* [Work to complete] What needs transcribing is the line with "Photograph of JT" and every line after it to the end of the records, exactly and alone, with no pictures.

* [Dataset records]
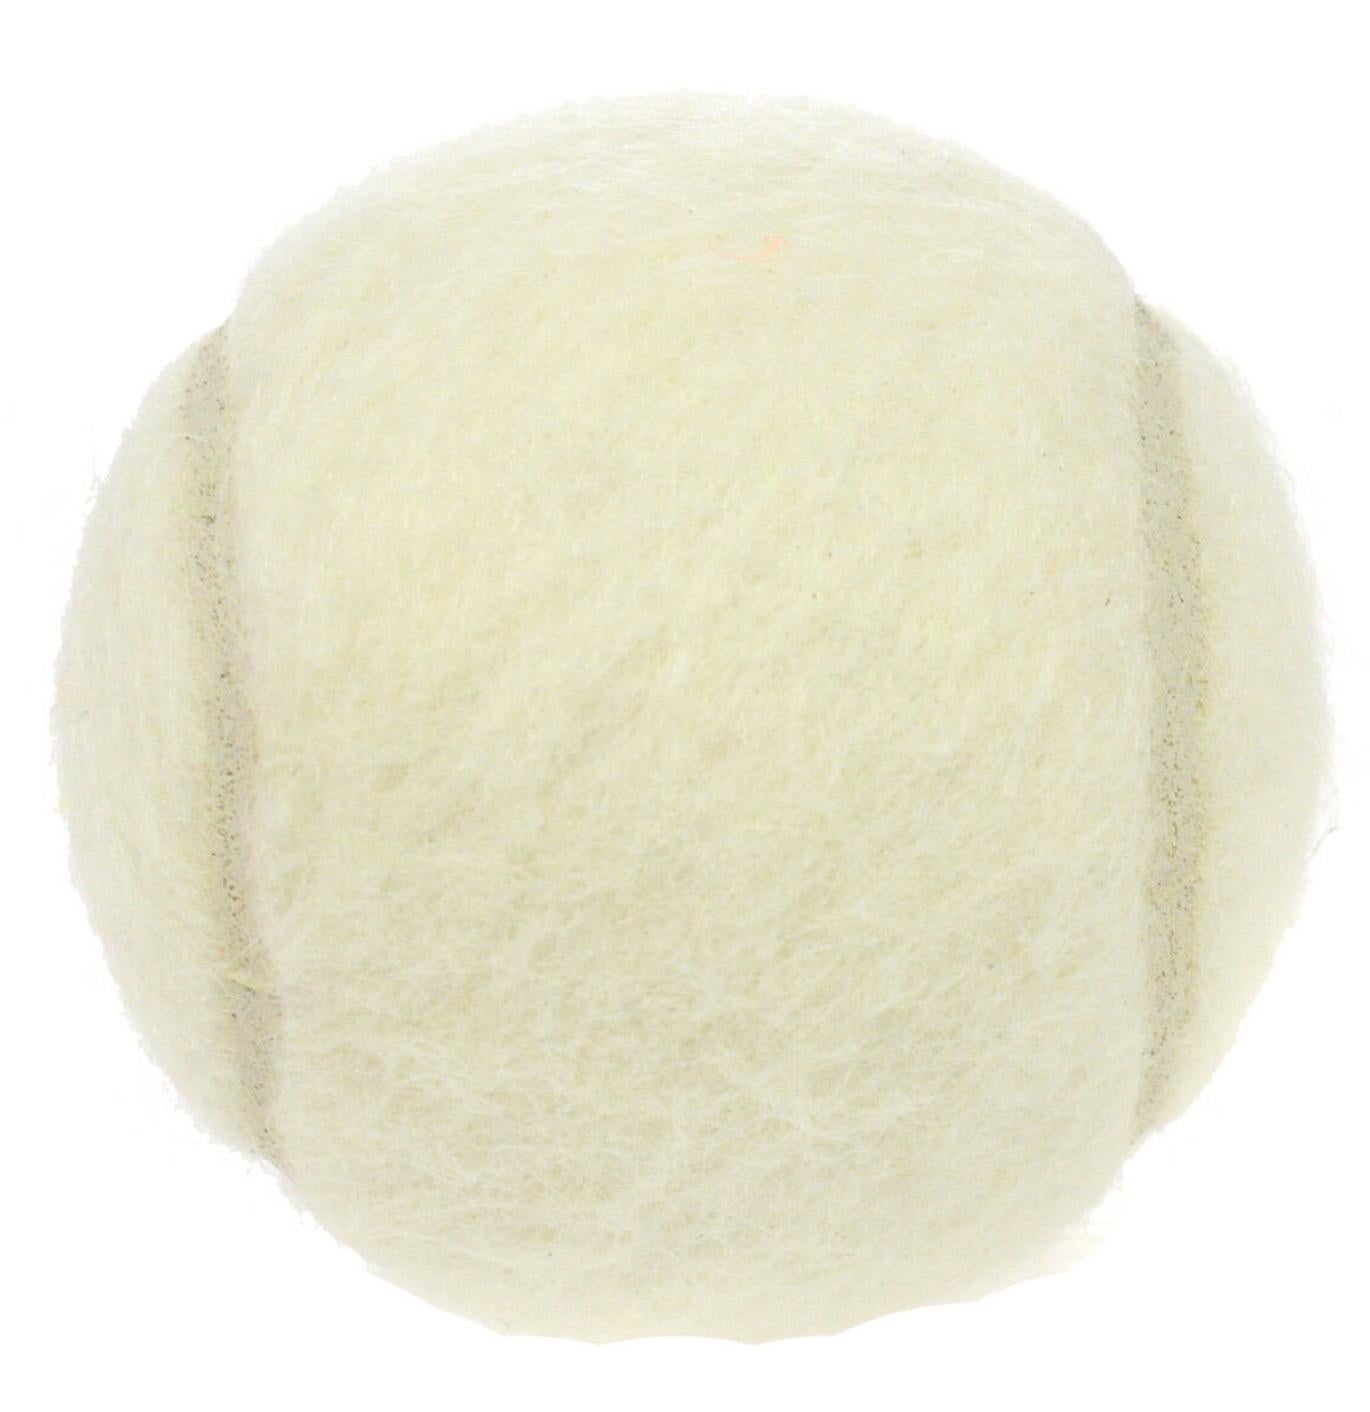 
Wool
Nylon blend
Diameter 2.5
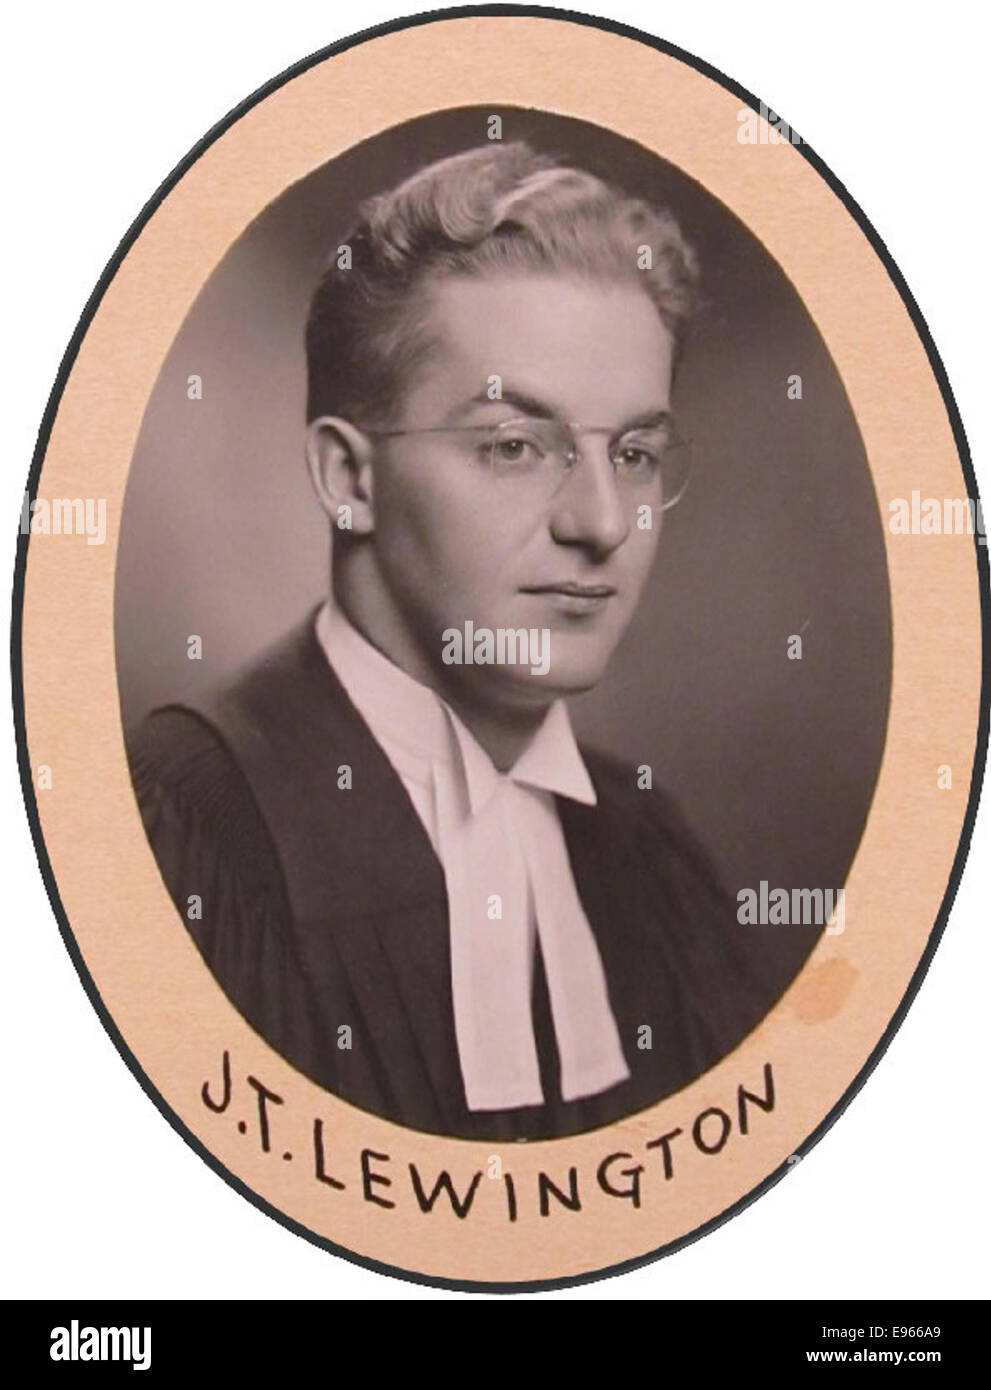 Photograph of JT Lewington 14554843  o Stock Photo
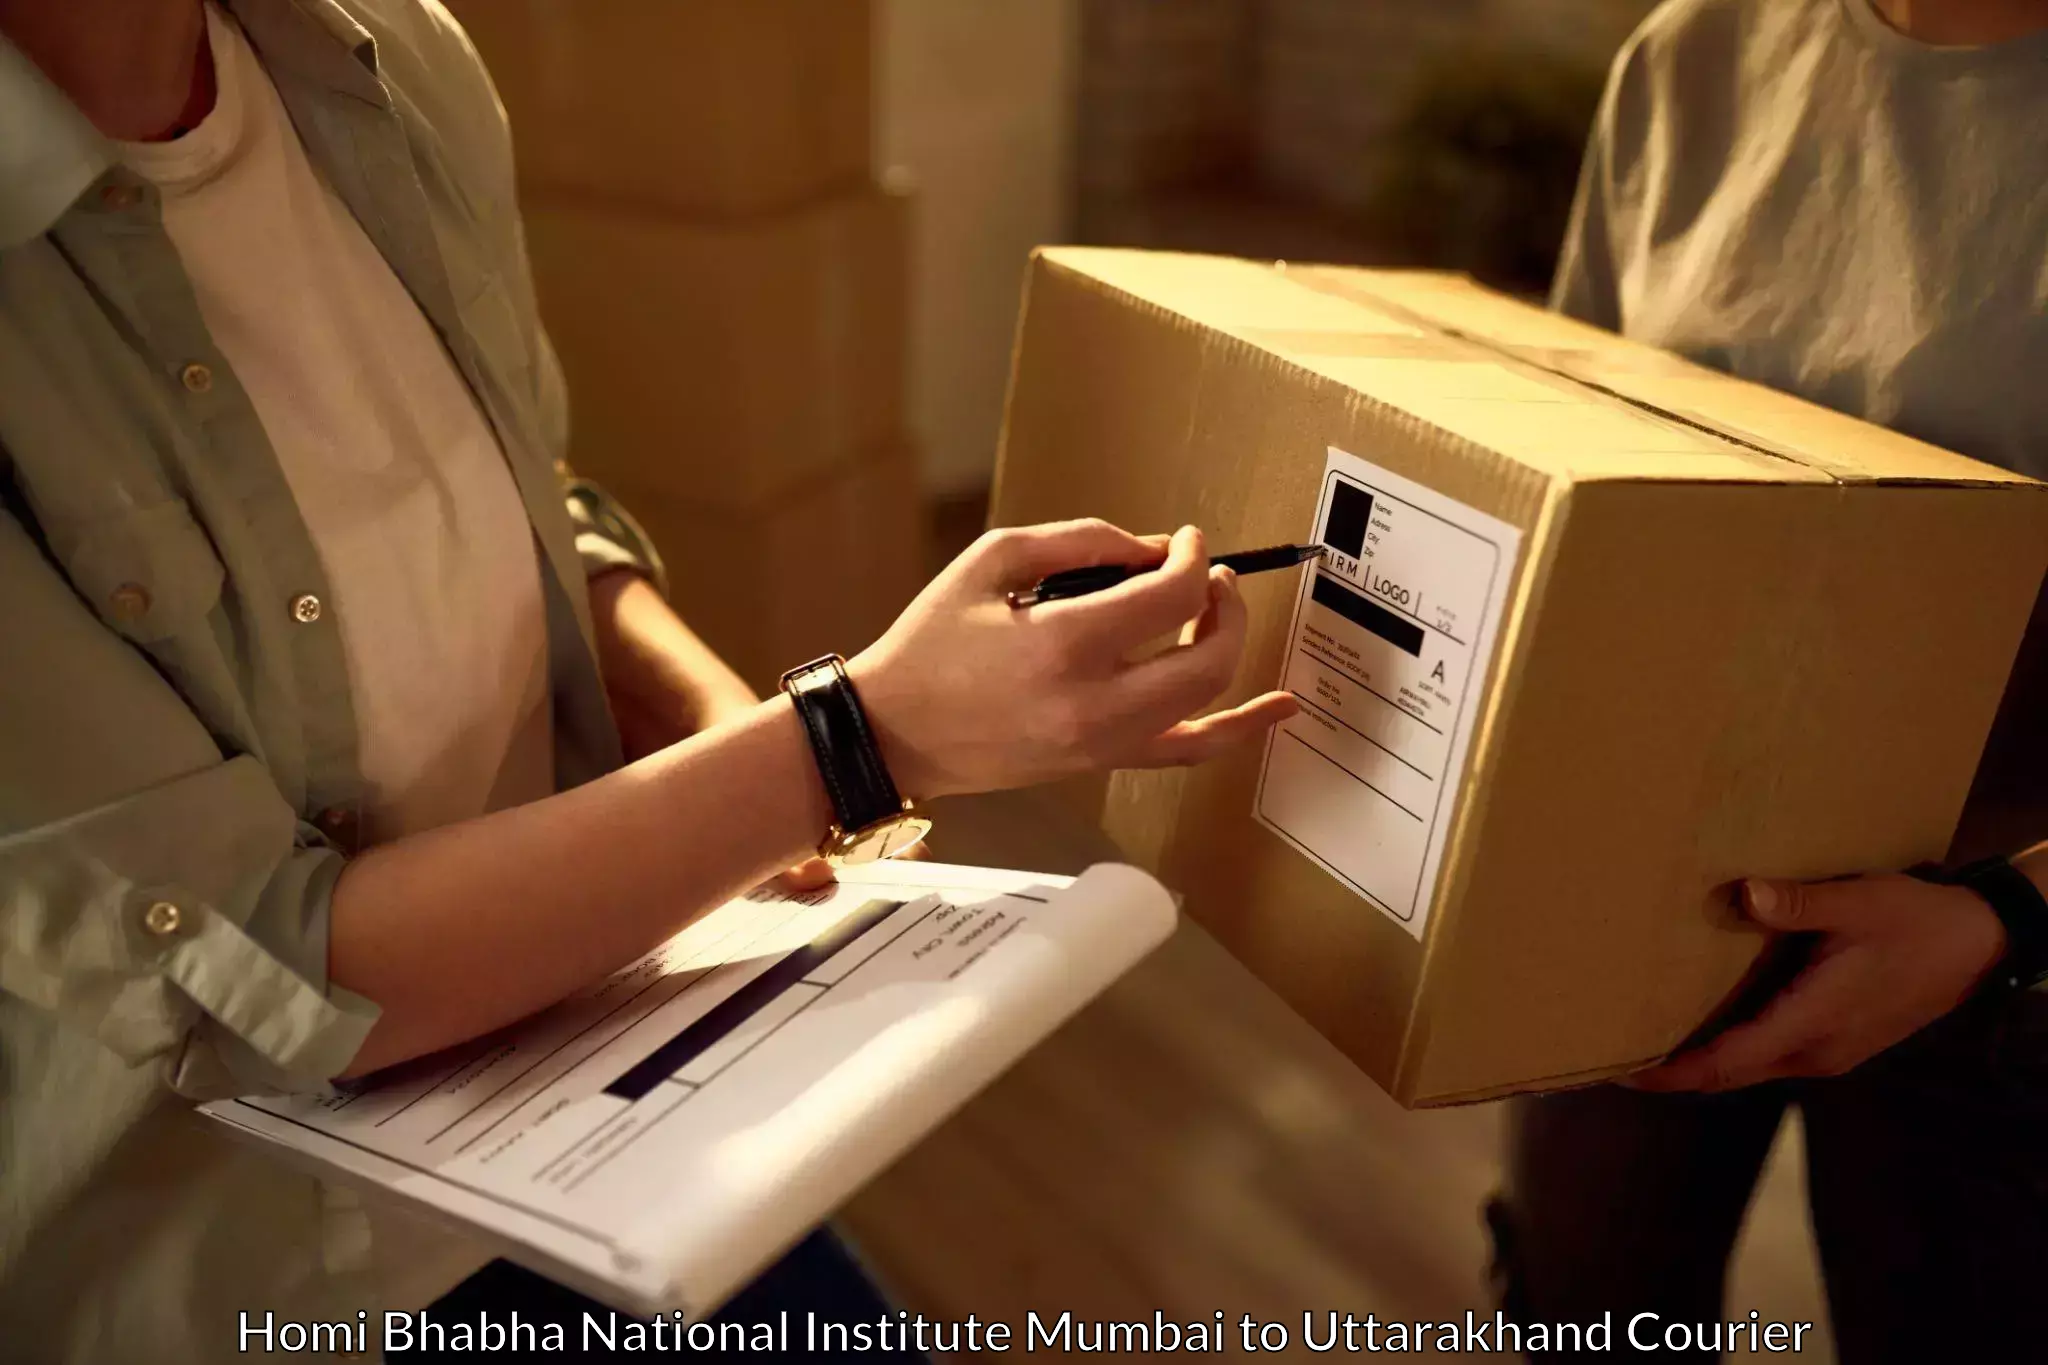 Online courier booking in Homi Bhabha National Institute Mumbai to Uttarakhand

* [Result for this exercise]
 Photograph of JT Lewington 14554843  o Stock Photo
 Online courier booking in Homi Bhabha National Institute Mumbai to Uttarakhand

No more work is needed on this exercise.